▶ [SOURCE MATERIAL]
※

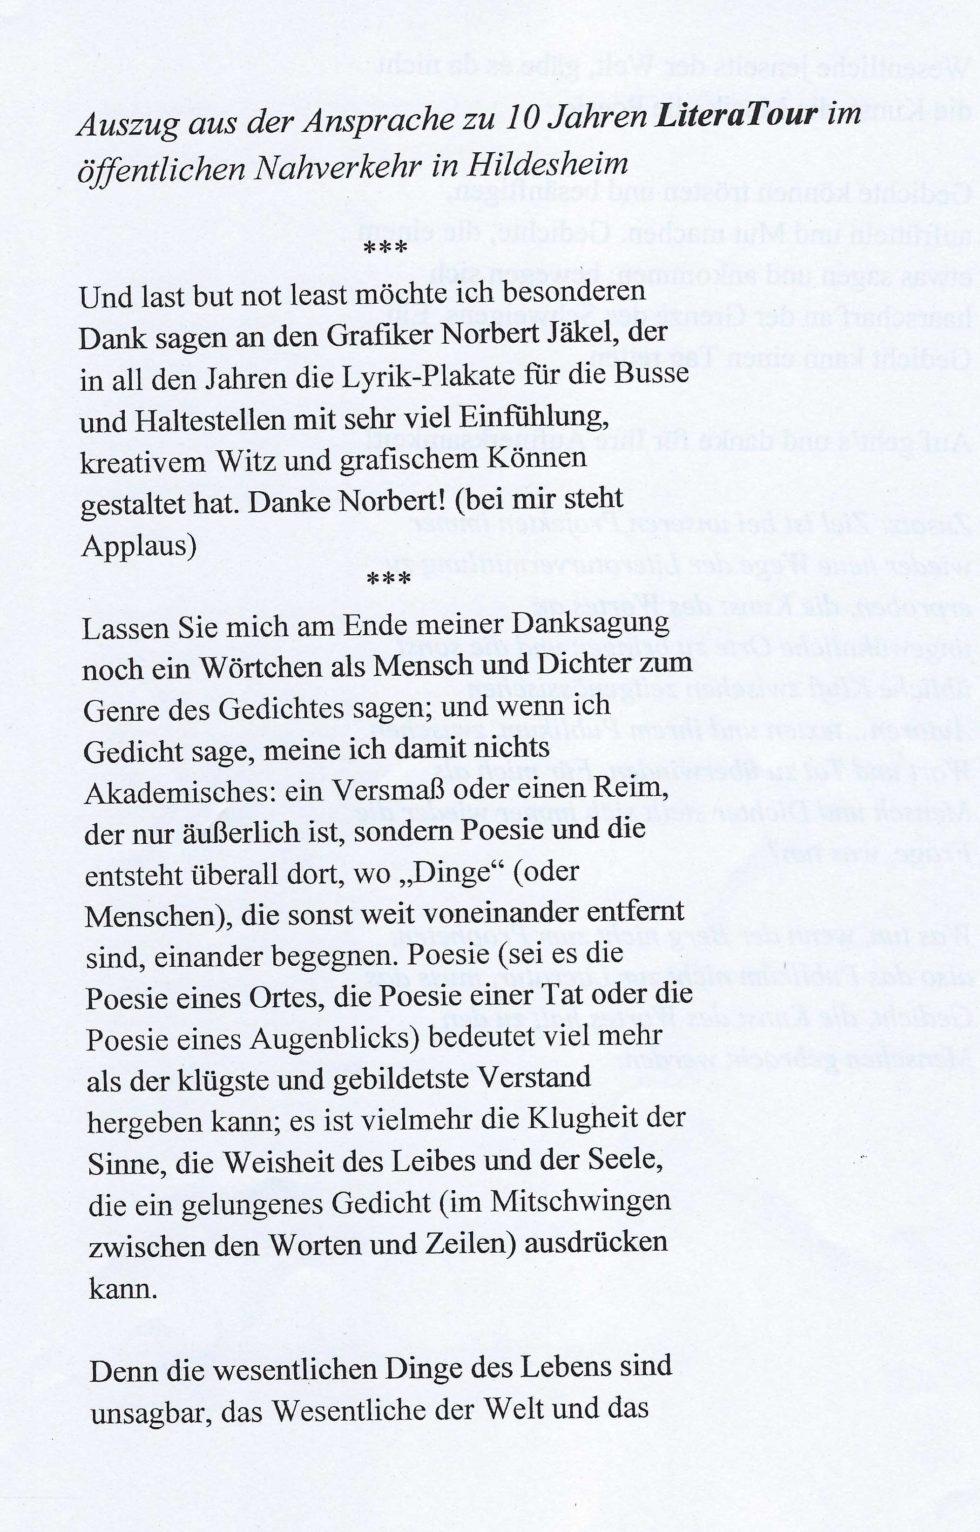 2008_Literatour_10
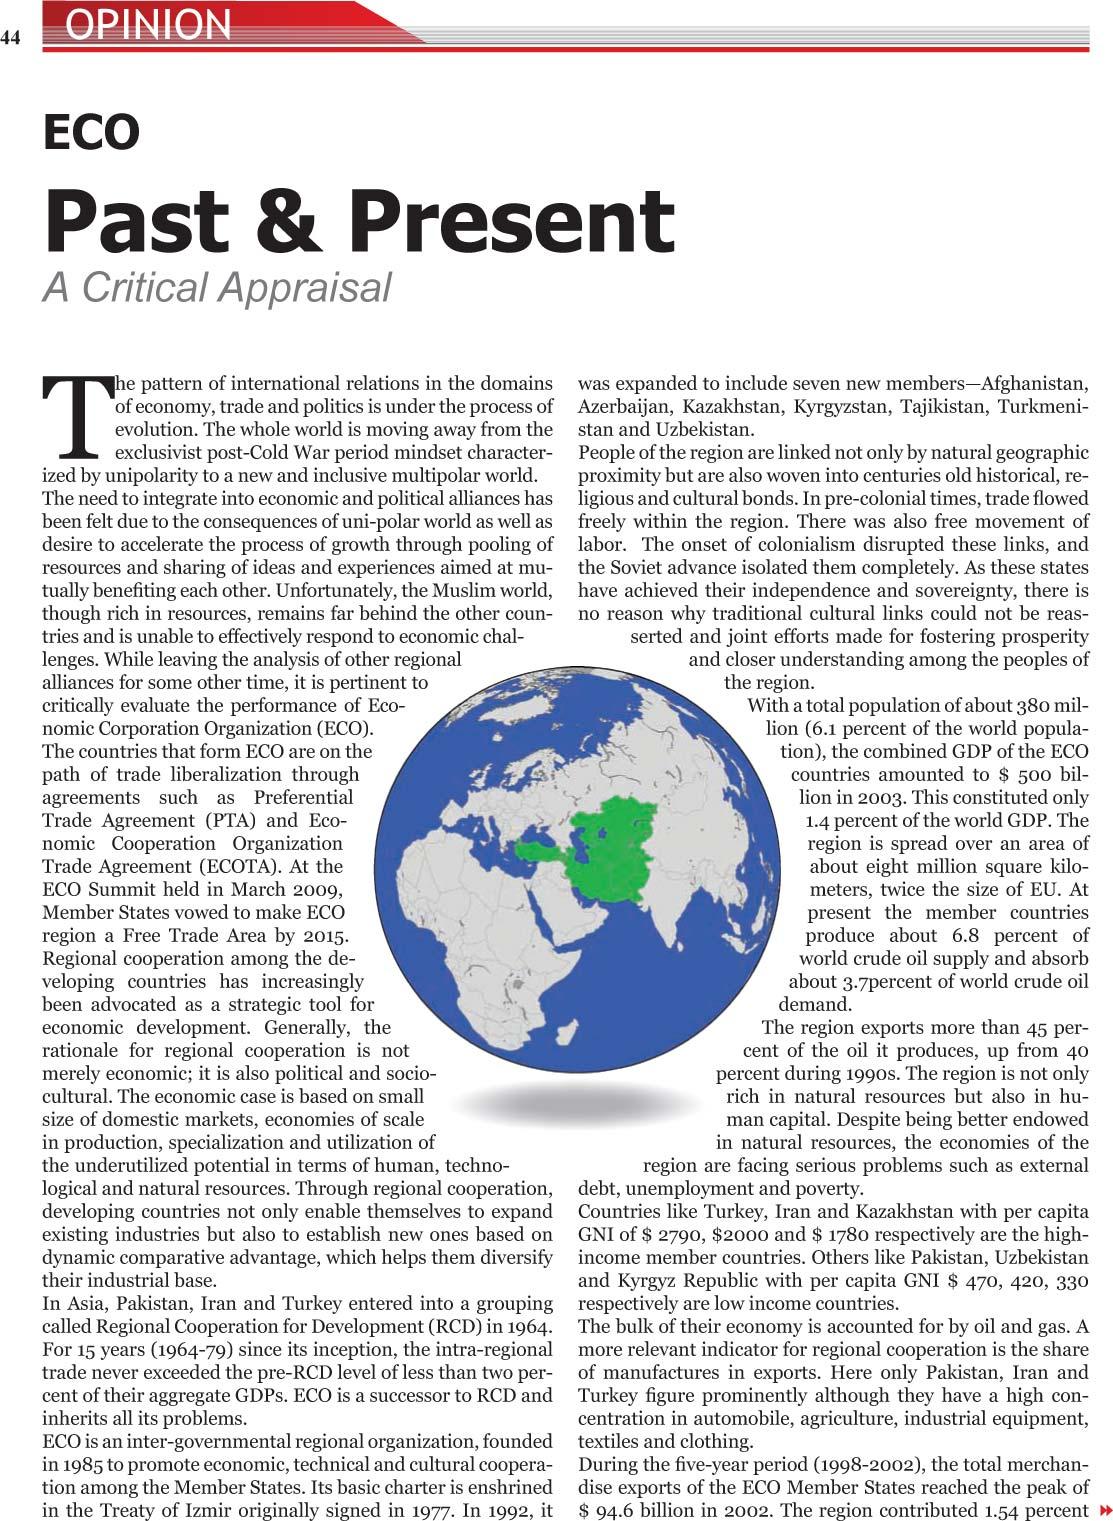 تحریک منہاج القرآن Minhaj-ul-Quran  Print Media Coverage پرنٹ میڈیا کوریج Monthaly ECO Times July 2009
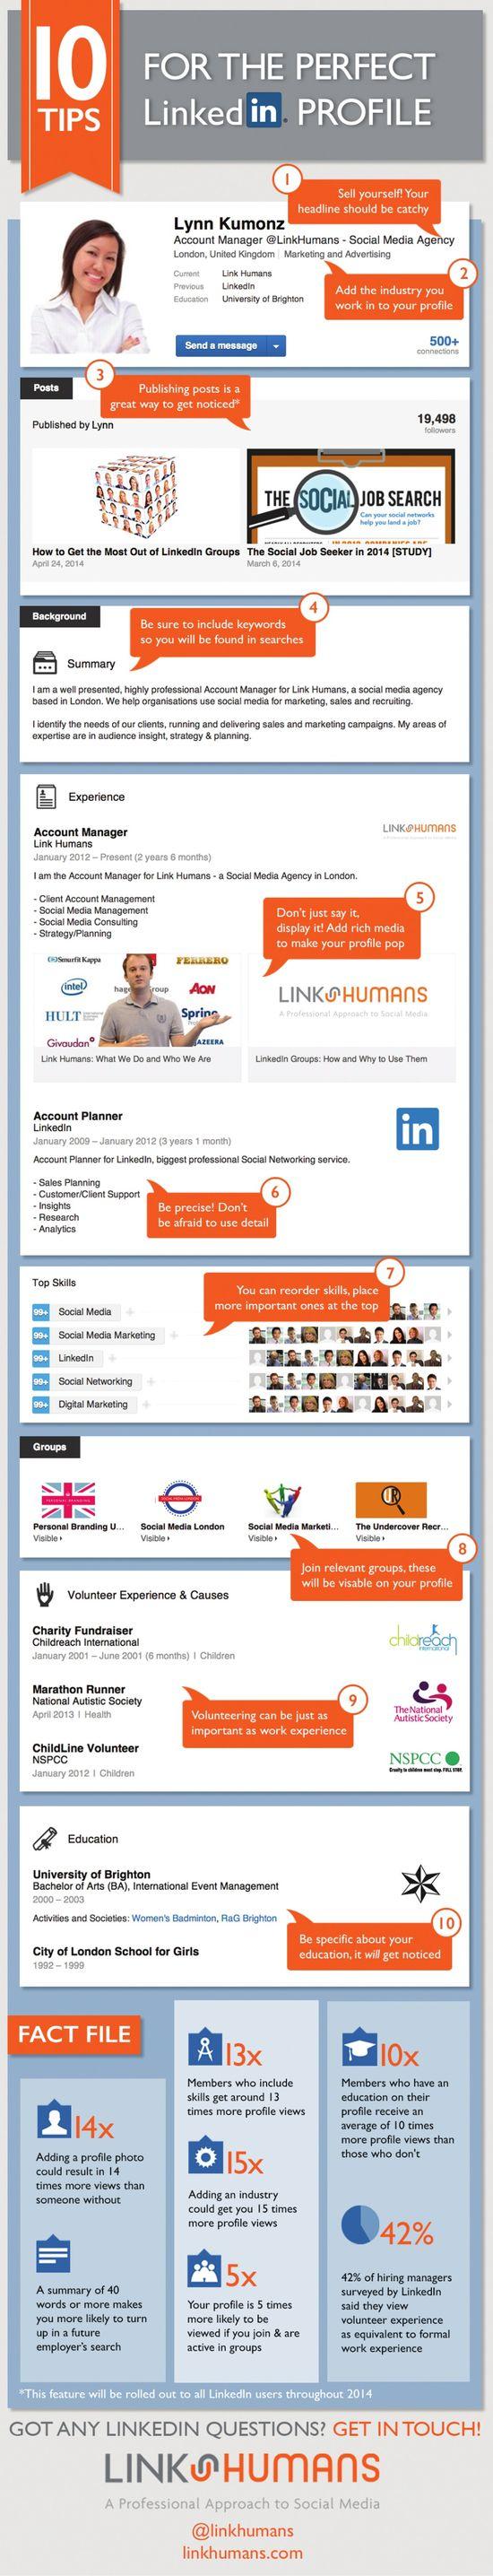 1 profil LinkedIn pa

※

▶ [ABOUT THIS TASK] No pictures should appear in the copy. Reproduce exactly the lines from the line containing "تحریک منہاج القرآن" through the last line of the data, inclusive.

▶ [EXERCISE OUTPUT]
 تحریک منہاج القرآن Minhaj-ul-Quran  Print Media Coverage پرنٹ میڈیا کوریج Monthaly ECO Times July 2009
 1 profil LinkedIn pa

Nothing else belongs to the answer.